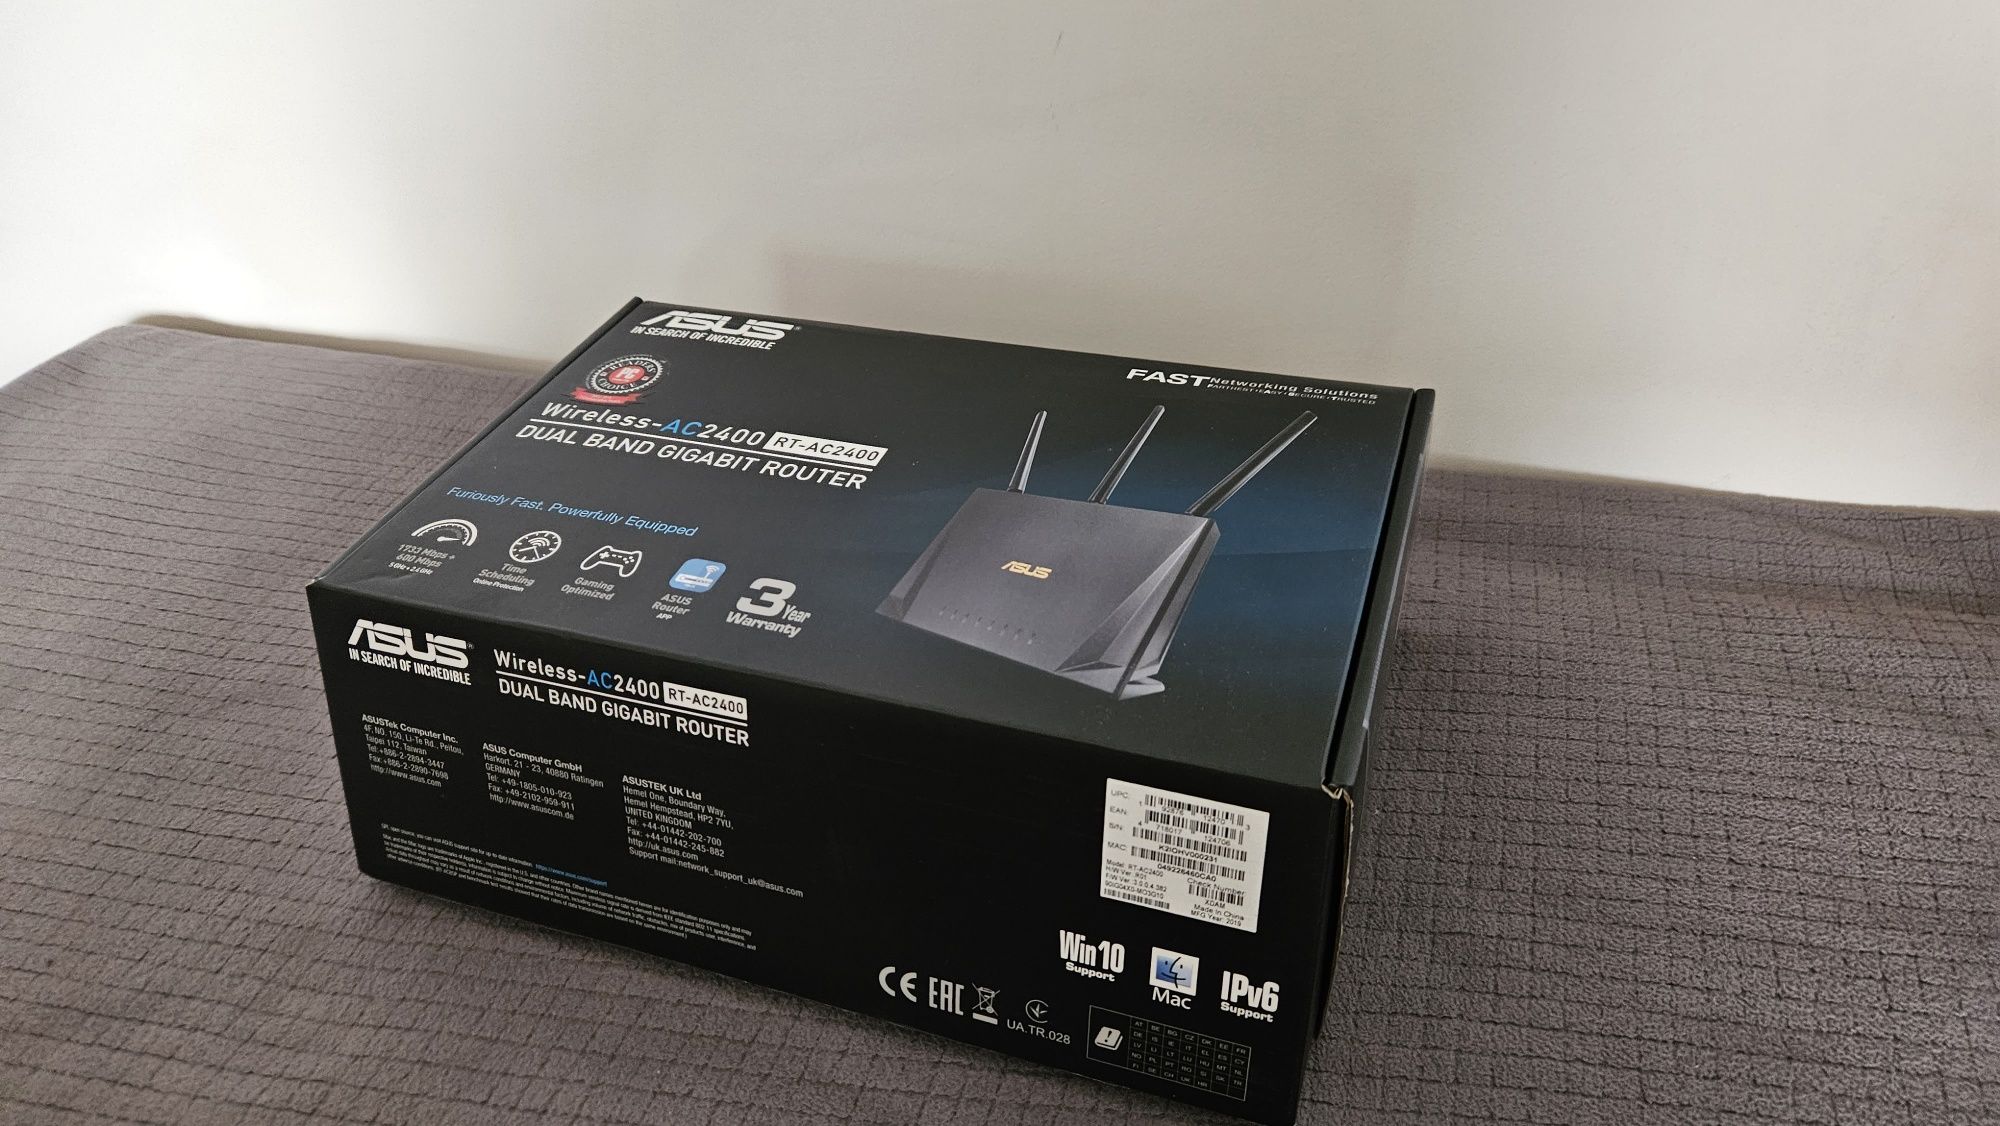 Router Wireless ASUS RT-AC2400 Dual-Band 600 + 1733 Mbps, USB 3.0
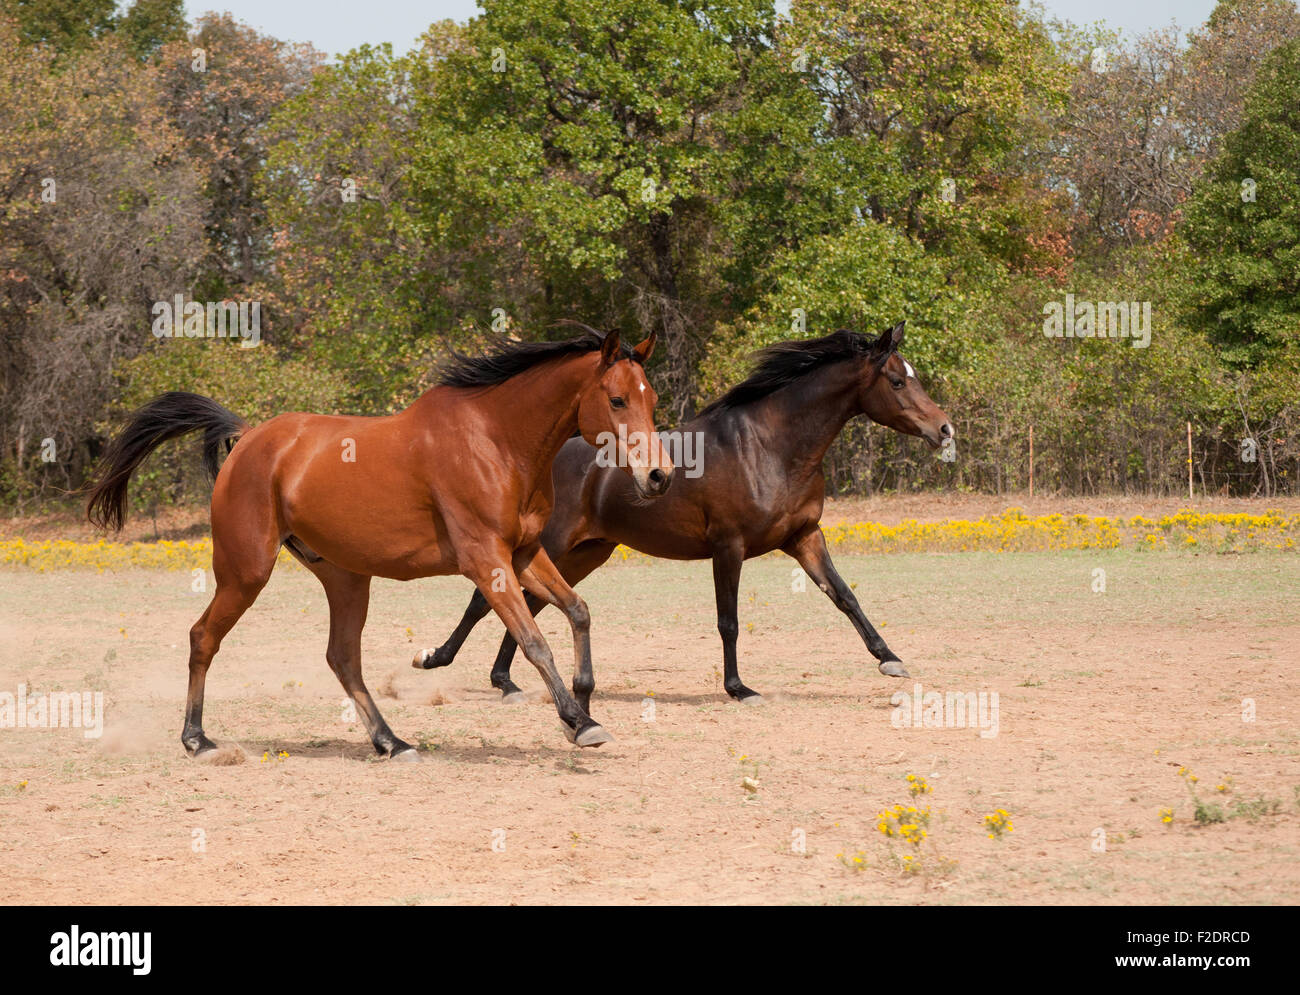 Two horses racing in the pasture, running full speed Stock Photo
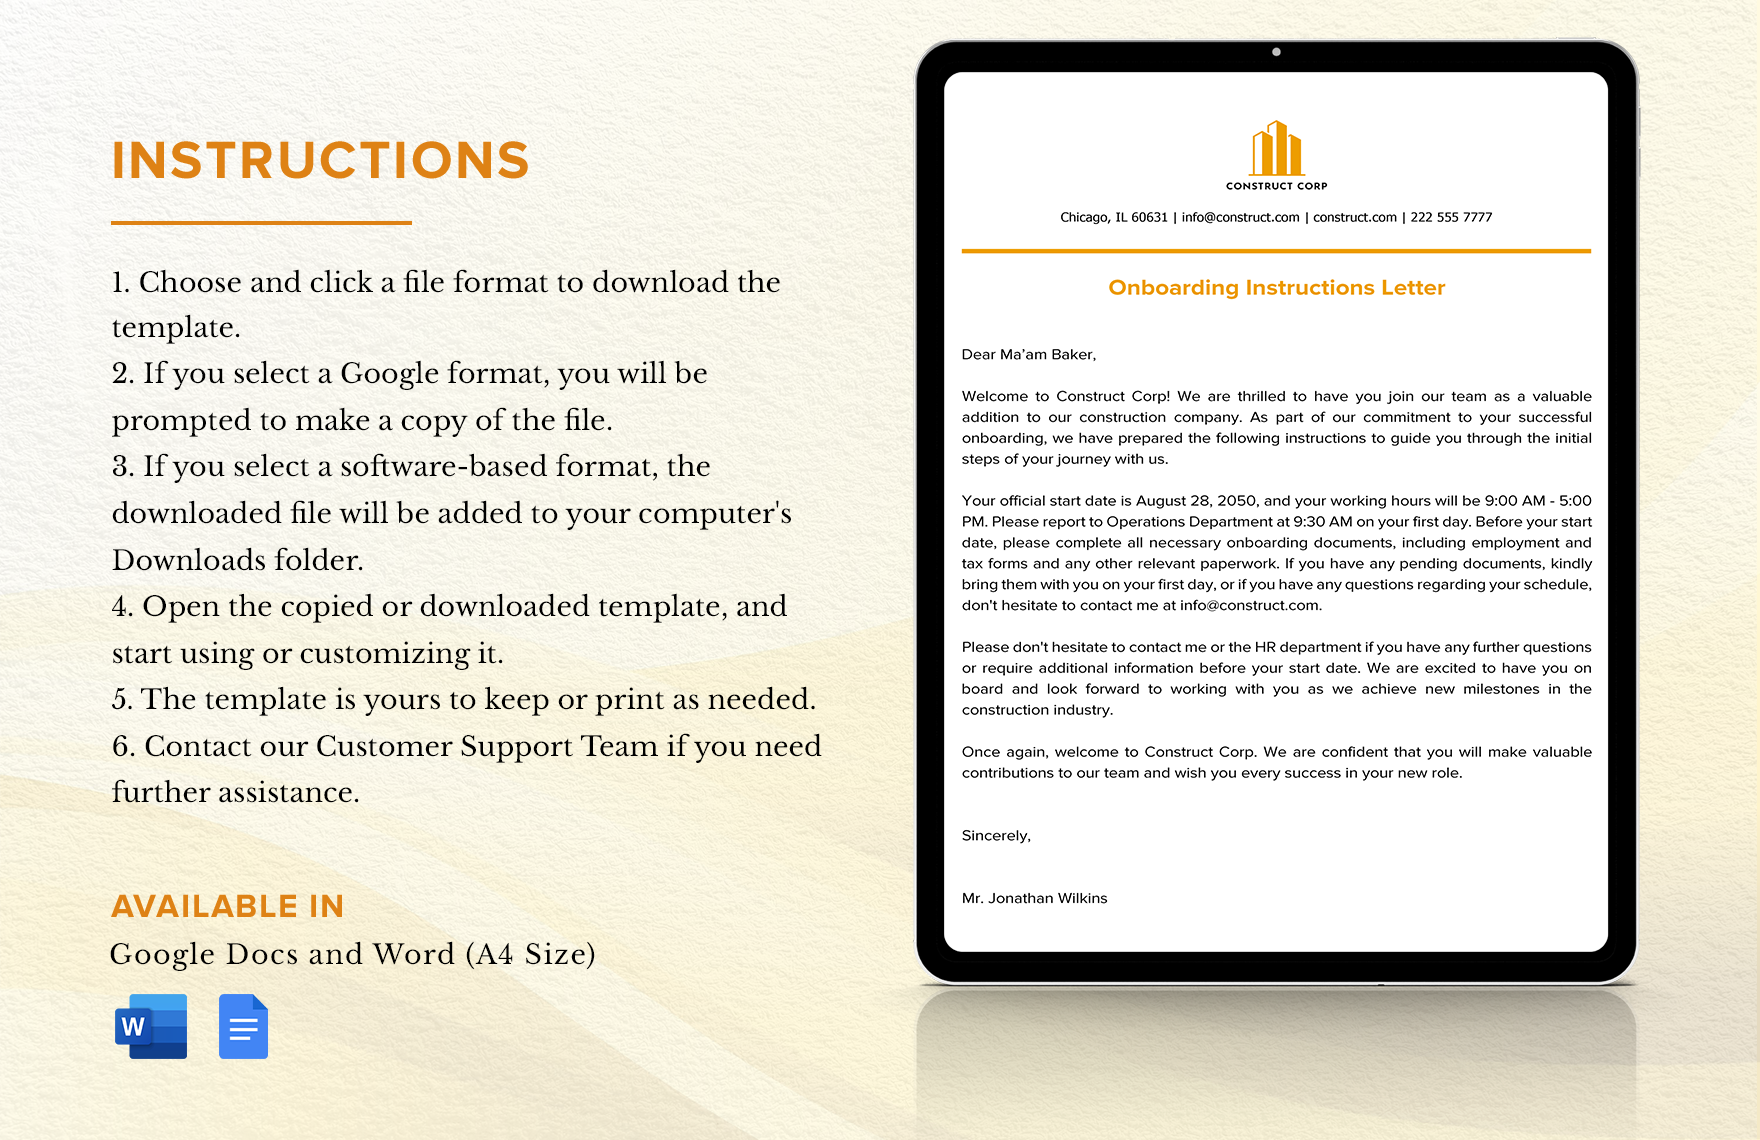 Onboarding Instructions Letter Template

== EXERCISE DESCRIPTION ==
Reproduce the listing exactly, but keep its images out of the copy.

== EXPECTED OUTPUT ==
 Router Wireless ASUS RT-AC2400 Dual-Band 600 + 1733 Mbps, USB 3.0
 Two horses racing in the pasture, running full speed Stock Photo
 Onboarding Instructions Letter Template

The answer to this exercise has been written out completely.